Cambodia’s Indigenous communities renounce communal land titles for microloans


  • Indigenous rural communities in northeastern Cambodia are struggling under debts that have ballooned from modest microloans with high interest rates.
  • Microlending as a means of increasing communities’ access to finance is strongly supported by the World Bank, but runs counter to efforts to grant communal land ownership of homes, farmlands and sacred forests — another World Bank initiative.
  • Entire villages have opted out of the communal land titling program because it would prevent them from using this land as collateral for microloans and selling land to outsiders, often to repay debt.
  • This project was supported by a grant from the Pulitzer Center’s Rainforest Journalism Fund.

TA HEUY, Cambodia — Cambodian farmers Nuoy and Nangkek were both in their late 20s when they took out their first microloan in 2018 for around $600 to help grow their crops. Today, the couple owe more than $10,000 to two financial institutions charging 18% annual interest.

Like many borrowers in a country with one of the highest rates of microloans per capita, the couple spiraled deeper into debt as they borrowed more money to keep up with monthly payments on existing loans. Nuoy and Nangek also resorted to borrowing from several neighborhood lenders who charged even higher interest.

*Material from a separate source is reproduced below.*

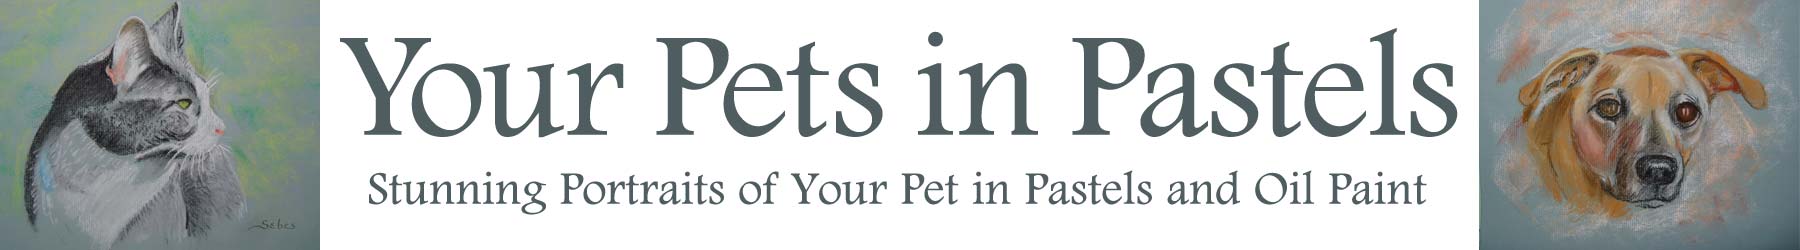 Your Pets in Pastels site header with a pastel portrait of a cat on the left and dog on the right.

Poor cashew harvests brought by heavy rains destroyed much of the only source of income the two had, forcing them last year to migrate to another part of the country to work in a car parts factory. The debt and stress have mounted.

“I can’t sleep, I’m always thinking about the loan, can I get the money, how can I pay back the debt — now we are spending all our time trying to get money,” says Nuoy, who along with his wife requested a pseudonym to avoid repercussions from authorities and the microlenders.

Most of the couple’s microloans had been collateralized by farmland in their ethnic Kreung and Brao village of Ta Heuy in northeastern Ratanakiri province, one of the regions of Cambodia most heavily populated with Indigenous ethnic minority communities. To repay their debts, they now plan to sell most of their farmland.

Their debt crisis parallels and highlights a turning point in Ta Heuy village.

For nearly a decade, the Indigenous community had sought to gain legal ownership of its customary lands and sacred forests. Then, in June 2022, at the final stage of the arduous bureaucratic process, the vast majority of the village — Nuoy and Nangkek included — thumb-printed a petition to withdraw the application, shocking authorities and alarming Indigenous rights NGOs.

Microloans are the primary reason, community leaders and residents told Mongabay.

The special form of land ownership the village renounced is known as an Indigenous Communal Land Title (ICLT) and was designed to protect against the threat of land loss and deforestation. Under the ICLT, individual families would be barred from selling their land outside the community.

As envisioned by Indigenous rights activists, the communal land ownership promised a bulwark of protection for villagers’ livelihoods and cultural heritage. Besides encompassing homes and farmlands, the communal land title was also designed to protect villages’ spirit and cemetery forests, and set aside “reserve forest” for future generations.

The World Bank, a proponent of the ICLT, argues that empowering Indigenous peoples to protect their customary lands and maintain their traditional agricultural practices better safeguards forests and biodiversity.

But now another policy championed for decades by the World Bank — the $16 billion microfinance industry in Cambodia — had come into conflict with the entire ICLT framework.